» **EXERCISE PROMPT**
Each line of the data must be given back verbatim, with pictures removed.

» **DATA SEGMENT**
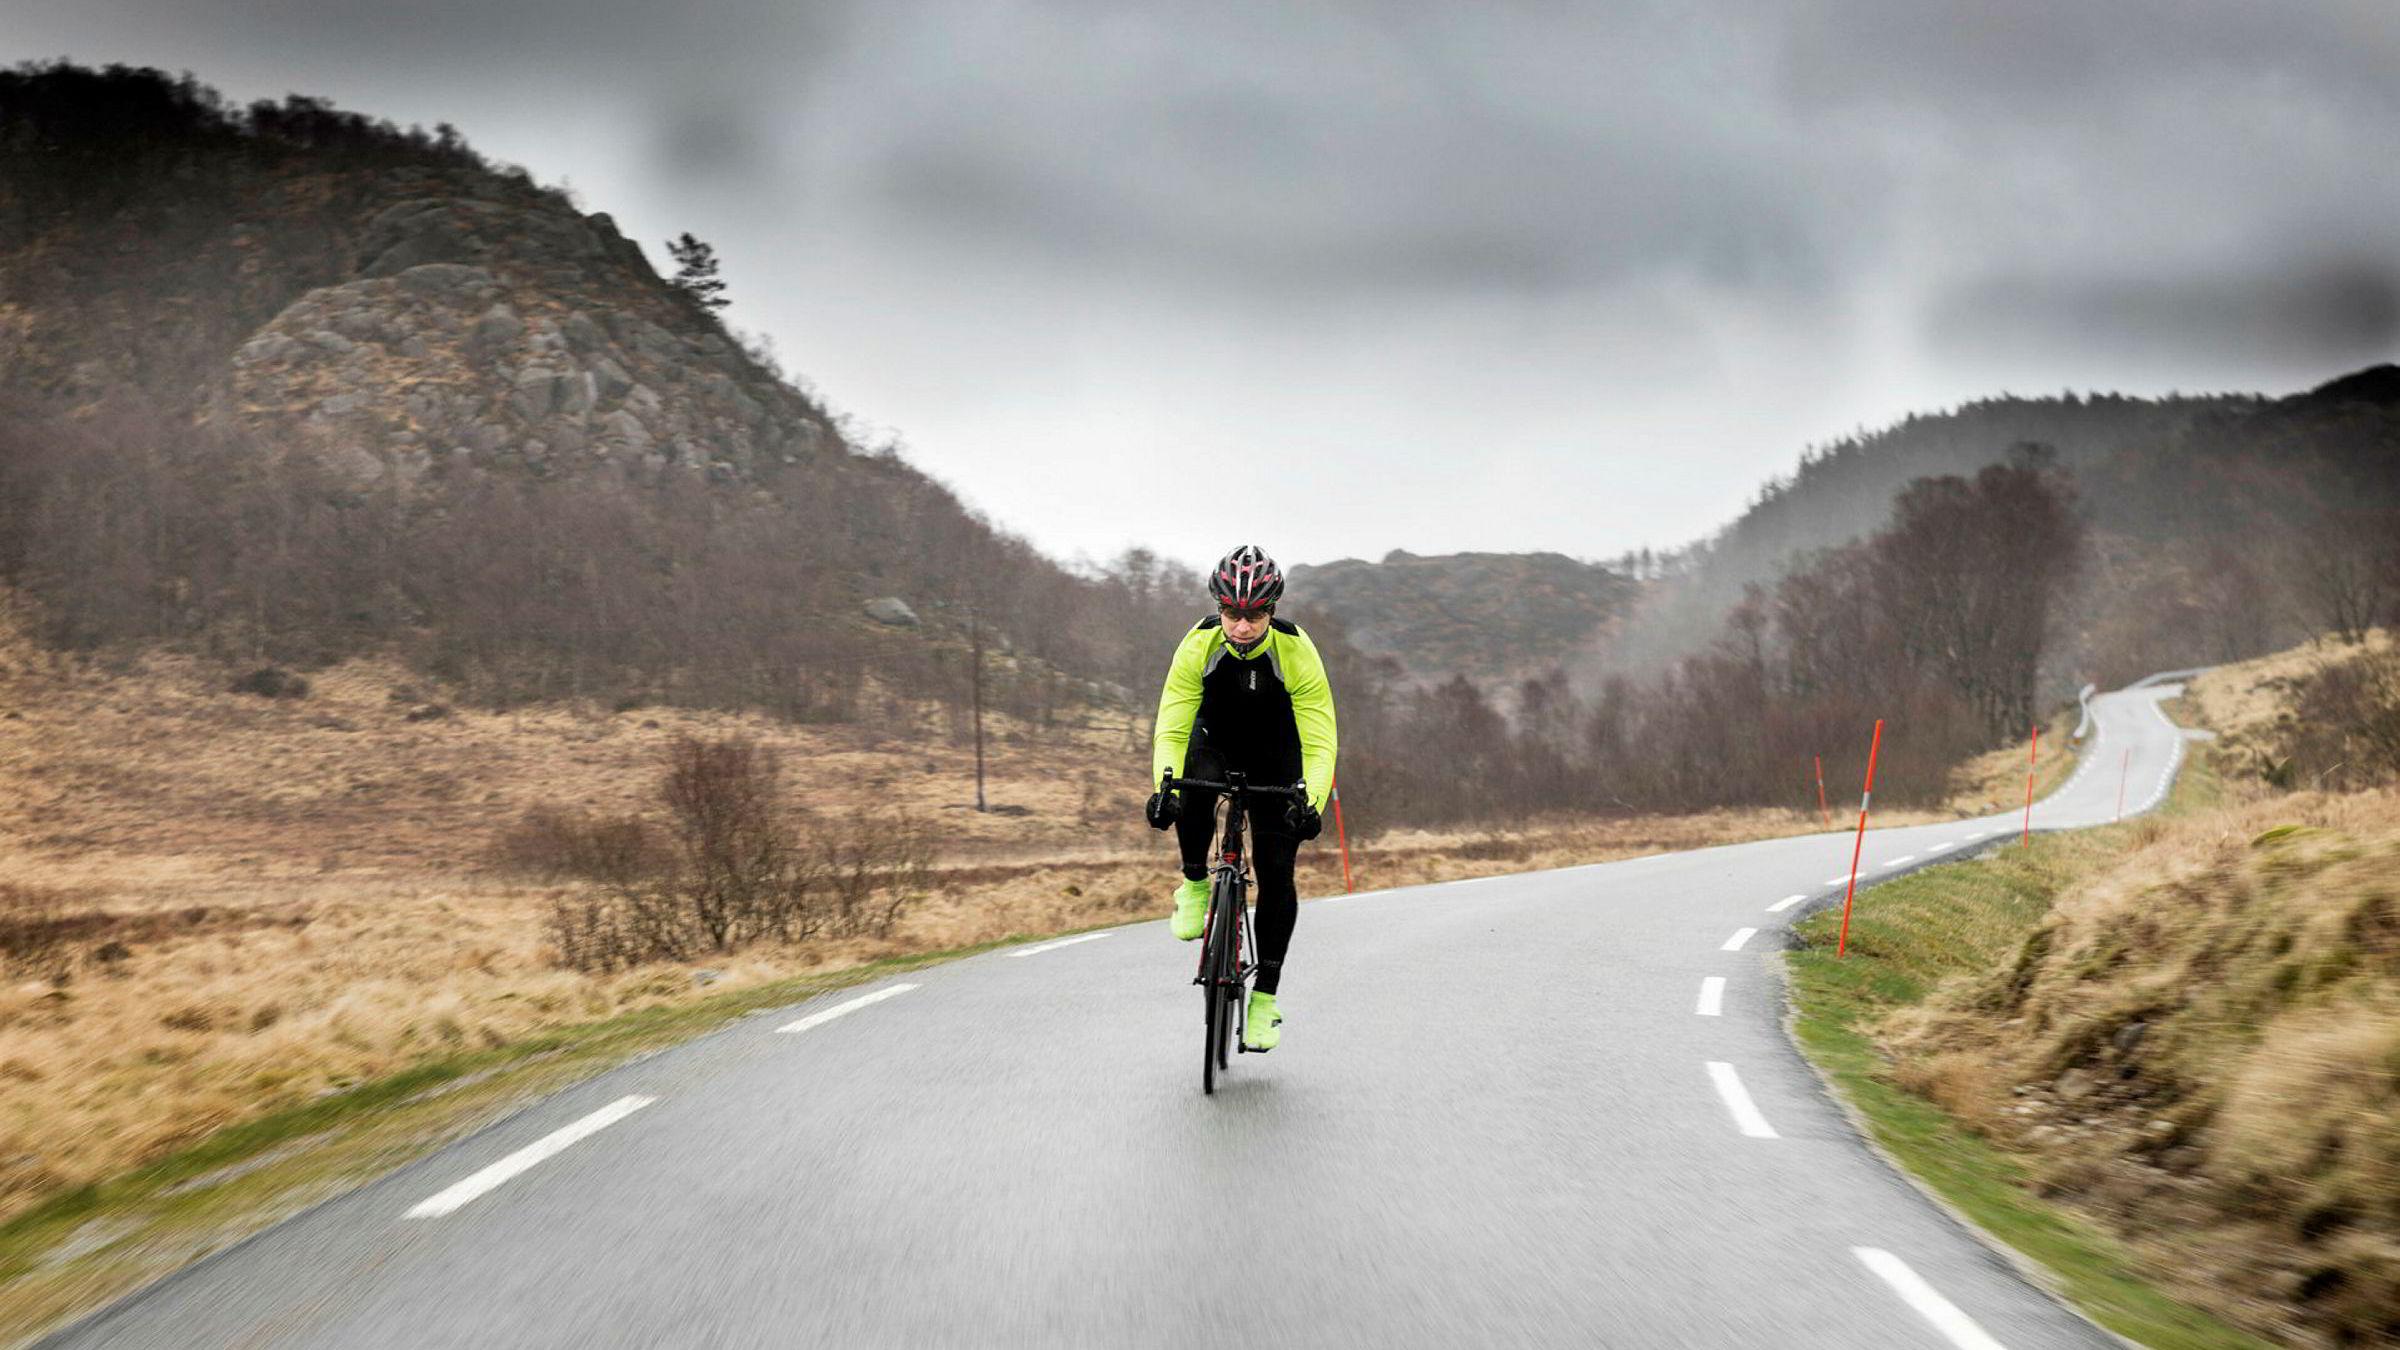 De smale veiene ved Ålgård i Rogaland byr ofte på gode forhold. Men når skyene tårner seg opp bak Johnny Stausholm byr naturkreftene på solid motstand på vei gjennom det røffe landskapet.
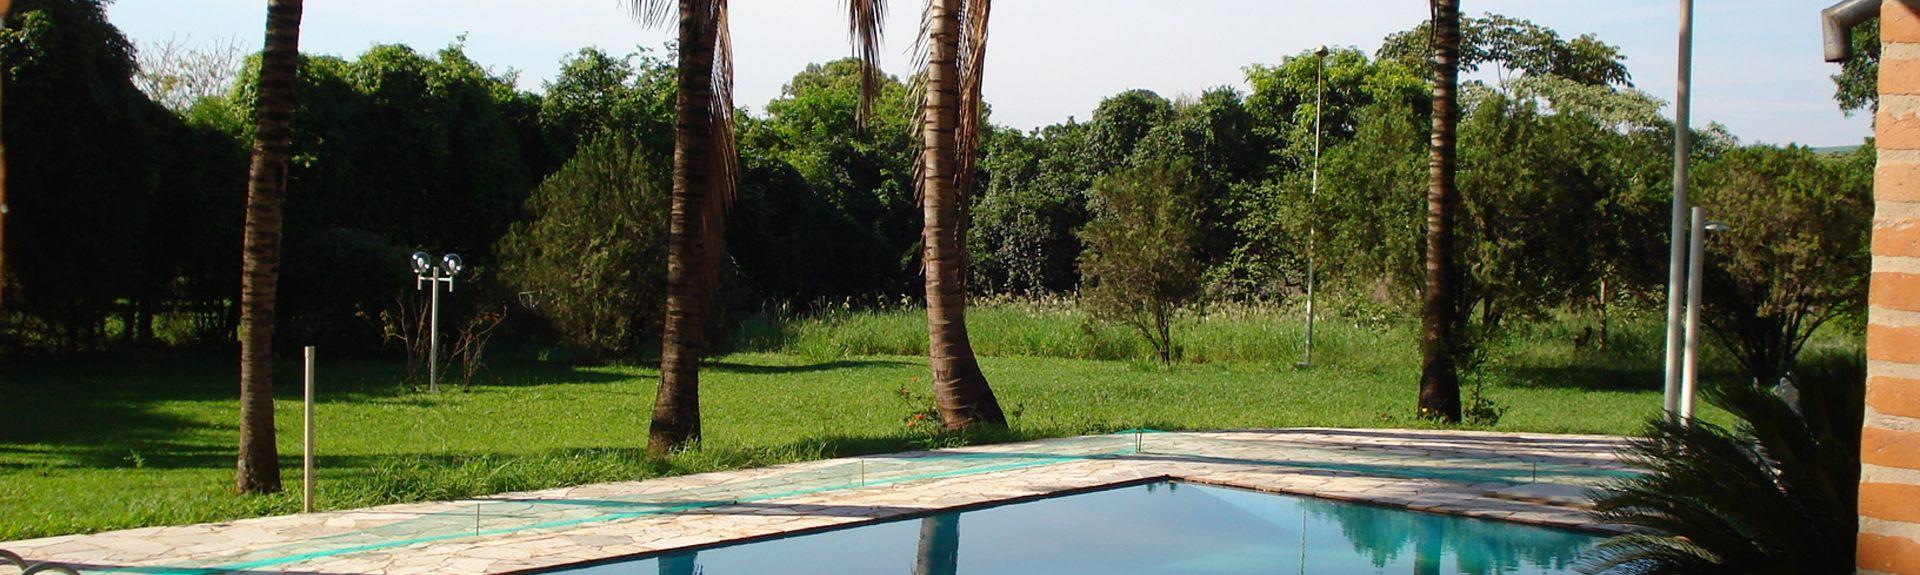 Ribeirão Preto, Region Südosten, Brasilien
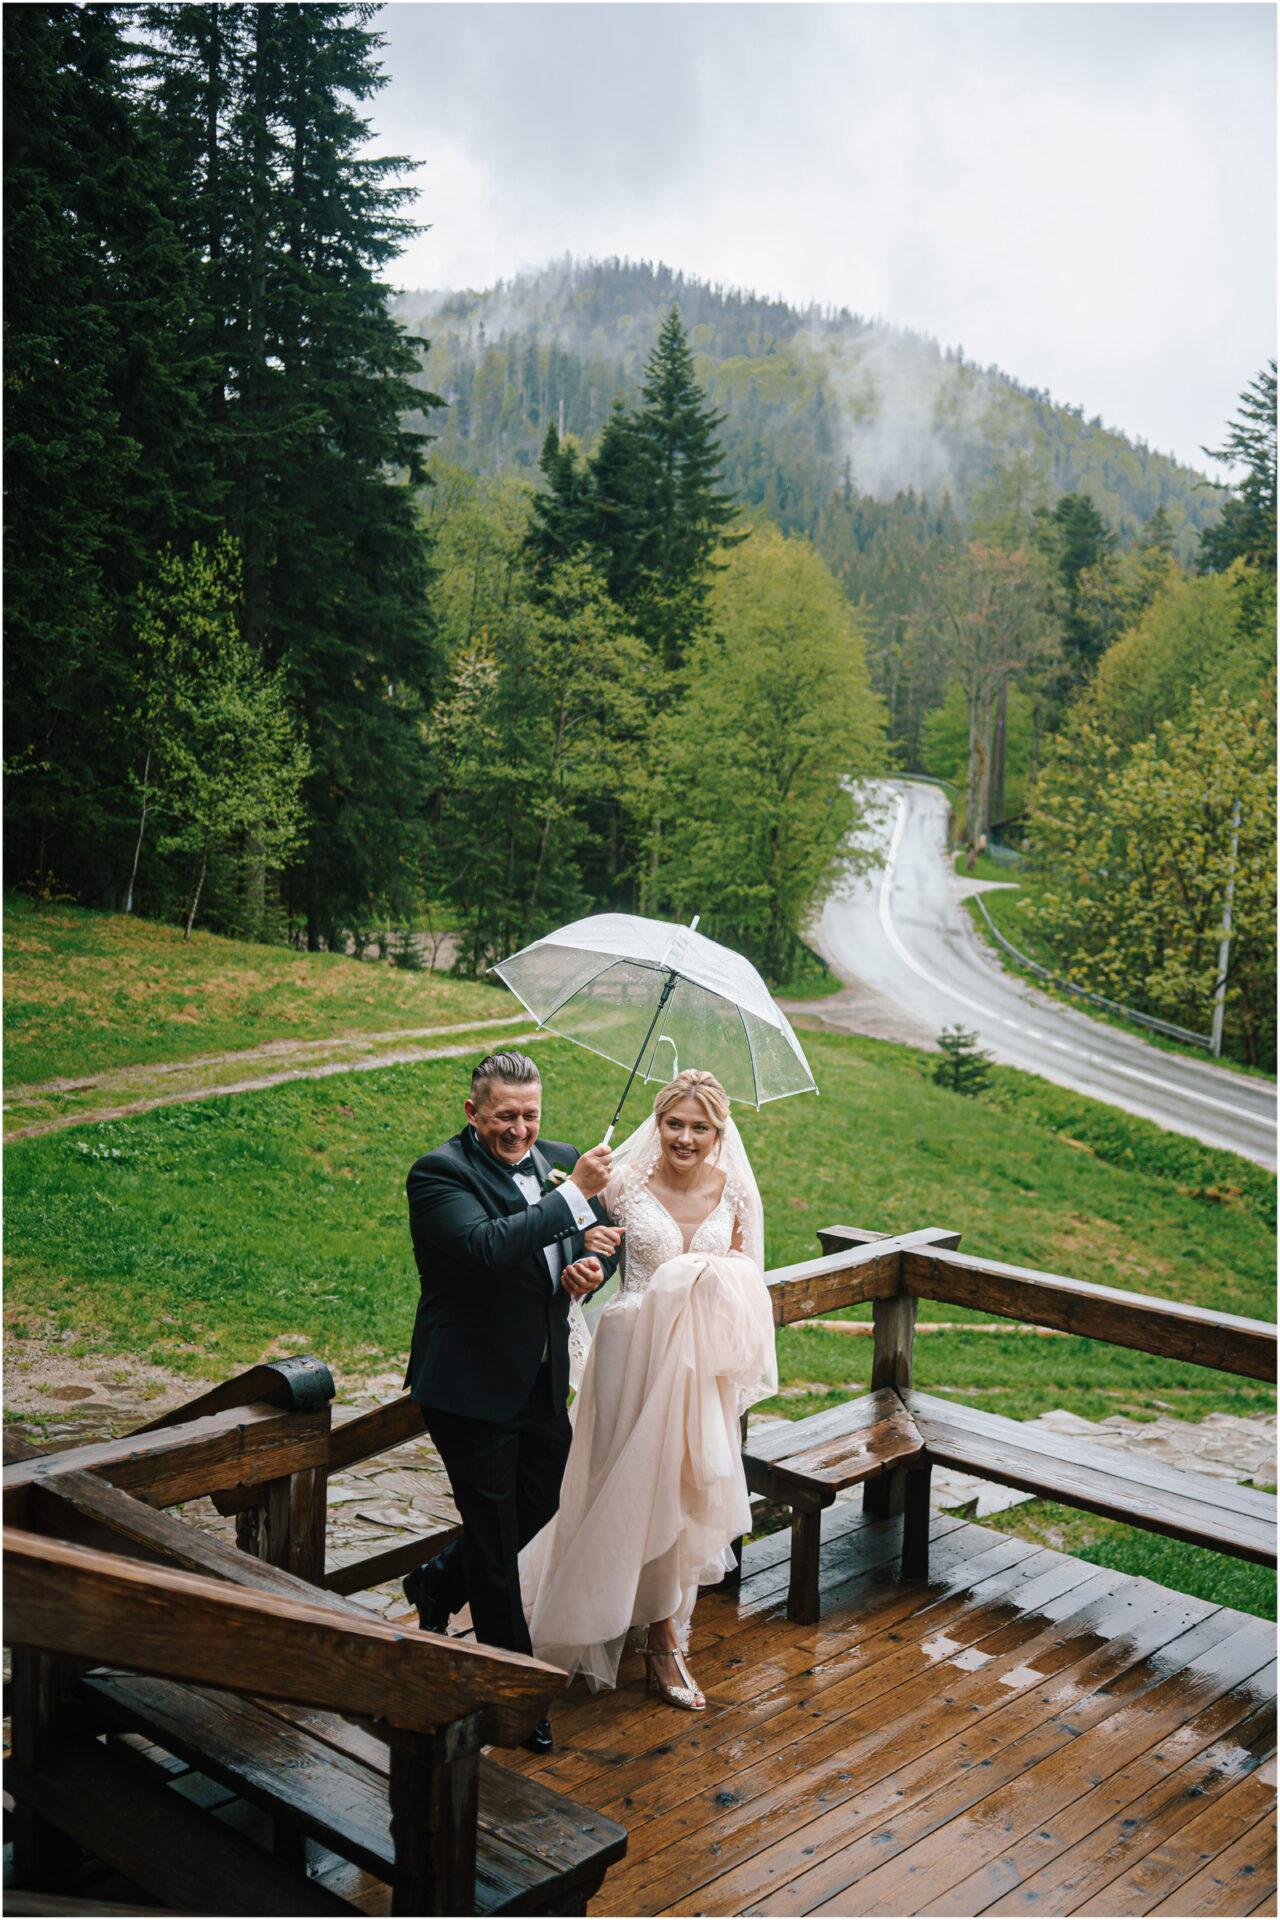 Amanda & Błażej | ślub i sesja w górach 27

» **SOLUTION BELOW**
 De smale veiene ved Ålgård i Rogaland byr ofte på gode forhold. Men når skyene tårner seg opp bak Johnny Stausholm byr naturkreftene på solid motstand på vei gjennom det røffe landskapet.
 Ribeirão Preto, Region Südosten, Brasilien
 Amanda & Błażej | ślub i sesja w górach 27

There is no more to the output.